Tuesday, November 25, 2008

I'm Okay!

There are days when I believe that becoming a mother has reduced my brain to mush. I wonder why I'm doing certain things (like things my mother did that I vowed I would NEVER do), or why I just said something so strange (a line out of Curious George or Dr. Seuss). I've always attributed it to the unbelievable pace your life takes on when you become a mother but I see now that I'm wrong...other people do it too! Read this. I now stand with the best- for you see the other day the following happened to me.

One evening last week I was drawing water in my sink to wash bottles so that I could fill them before going to bed. As the water ran into the sink I was putting dishes away and straightening the kitchen when I heard Son #1 yelling that Son #2 was out of bed. Wearily I went up the stairs and gave a kind reminder that once we're in bed, we stay in bed. After comforting him and telling both sons I loved them I walked out of their room and remembered that I hadn't gathered up the garbage to put out on the street for collection in the morning. So I gathered the garbage in the bathroom, schoolroom and my room and put it at the top of the steps so that I could carry it down once I also gathered the dirty laundry to take down and put in the washer so that it would be ready to go early next morning. With dirty laundry load and garbage in hand I walked down the stairs and to the laundry room (which is at the opposite end of the house from the kitchen) and placed the dirty laundry in the washer. While there I notice that the bathroom sink was really dirty from when the boys had washed their hands earlier that day so I cleaned the sink. The toilet paper was also out so I replaced that and remembered that I didn't have any plastic bags upstairs on the changing table for dirty diapers so I gathered them out of the spare room and took them upstairs and put them in place. It was then I remembered that Philip had no shirts ironed for the next day so I took one out of the closet and went to the ironing room where I starched and pressed it and took it back upstairs to hang it with his suits. While I was upstairs there were a few more items I attended to and then saw that there were some tea towels on my bed that I'd folded earlier in the day that needed to be taken to the kitchen so I went back downstairs and re-entered the kitchen I'd left quite some time before (I really can't tell you when I left the kitchen). To my utter horror I realized what this other fine lady realized...you have to turn the faucet off when you leave the room. Bad things happen when you don't.

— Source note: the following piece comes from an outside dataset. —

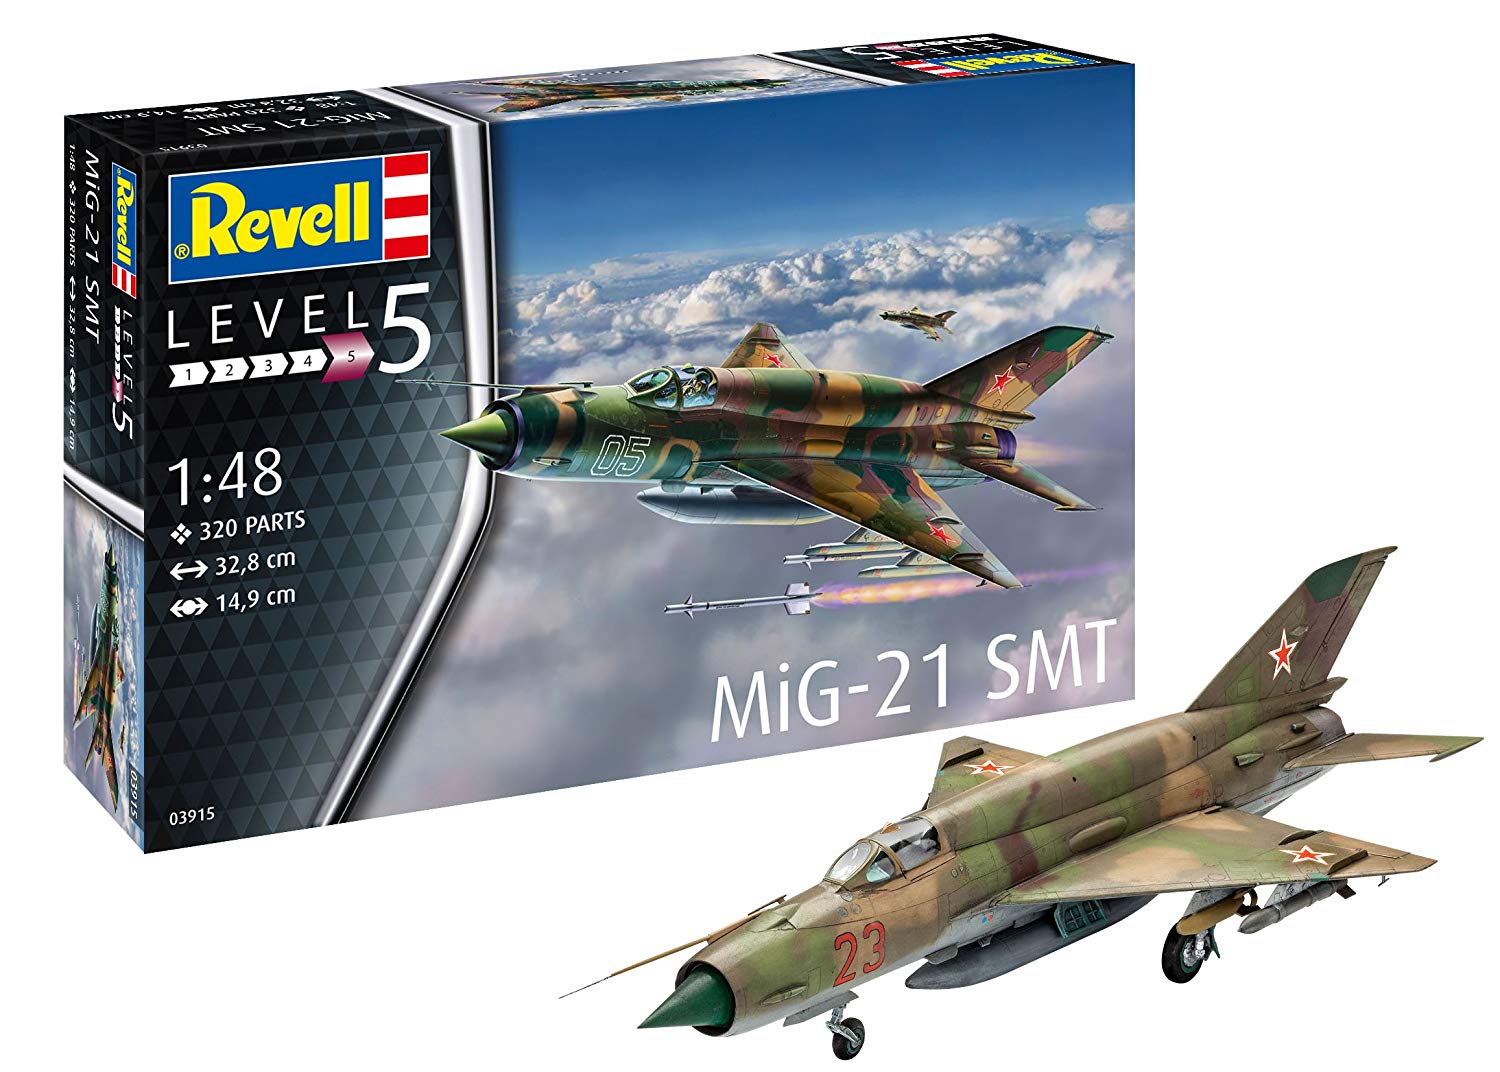 Revell Scale Model Kit Mig Smt Level

Now it wouldn't have been a problem if our home was level because then any water in the left sink (that I was filling) would have overflowed into the right sink. But our house isn't level... it has a decided lean southwest and so water from the left sink runs across the counter top and fills up the corner until it overflows and then it travels down the wall and under the cabinets where it disappears to who knows where. I sighed and wondered how long it would be before I'm placed in a little white padded room.

But I'm NORMAL! YES!!! It's not just because I'm a mom....I'm human! There's someone else out there just like me....what peace of mind this gives. Hmmmm....I guess it could be argued that she is a mom to ....whew...how many girls live in that dorm....wow....ughhhh oh.....I feel uncertainty creeping in ....I only have three boys to look after compared to her dozens.... (I wonder if she's ever placed a stack of clean undergarments in her refrigerator...maybe I'm not okay)

14 comments:

Alanna said...

Oh - bless your heart! Sometimes I do stuff like that and I'm not even a mom yet! Hope you have a restful Thanksgiving!

Anonymous said...

Bless you! You truly made my day. I'm still laughing out loud. It's wonderful to find out that one is not alone! =) And I think you're more than OK. I think you're incredible. I do know what it's like to wonder about oneself at times. My older girls just laugh at me as I prove my one-trackness on a daily basis. Oh well, we do our best.

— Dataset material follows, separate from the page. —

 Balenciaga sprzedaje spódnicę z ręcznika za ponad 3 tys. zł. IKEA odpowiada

Thanks so much for the laugh. I needed it!

Anonymous said...

Now where did I put that stack of undergarments? =)

Faithe said...

Maybe it's in the genes!! Sounds like the things I do...one thing leads to another and it's quite awhile until I get back to the original job. Or perhaps there's something in that Cincinnati water (since 2 of you have had the same problem within a week). Just a thought!!
No, really, you're both okay. You are so busy that your brains are on overload.

lauralavon said...

Oh, I so enjoyed that story! I can CERTAINLY relate! Yes, I'm sure you're OK. : )

Charity said...

Sounds like something's in your cafeteria water that's driving all the ladies slowly out of their minds! ;o) Bless your hearts! BTW, Chelsea's been raving about your latest gift of yummies... thanks for taking care of her...

Unknown said...

Oh my! If I weren't at work, I would have laughed out loud instead of chuckled to myself. I do the same thing! Go from one job to the next because I get distracted and it takes me awhile till I come full circle and get back to what I was originally doing. Knock on wood, I have never overflowed a sink, but it wouldn't surprise me. I think that with each pregnancy, brain cell die/leak out/or whatever, never to return. The absentmindedness/forgetfulness of pregnancy is still plaguing me! I can relate totally! You made my day.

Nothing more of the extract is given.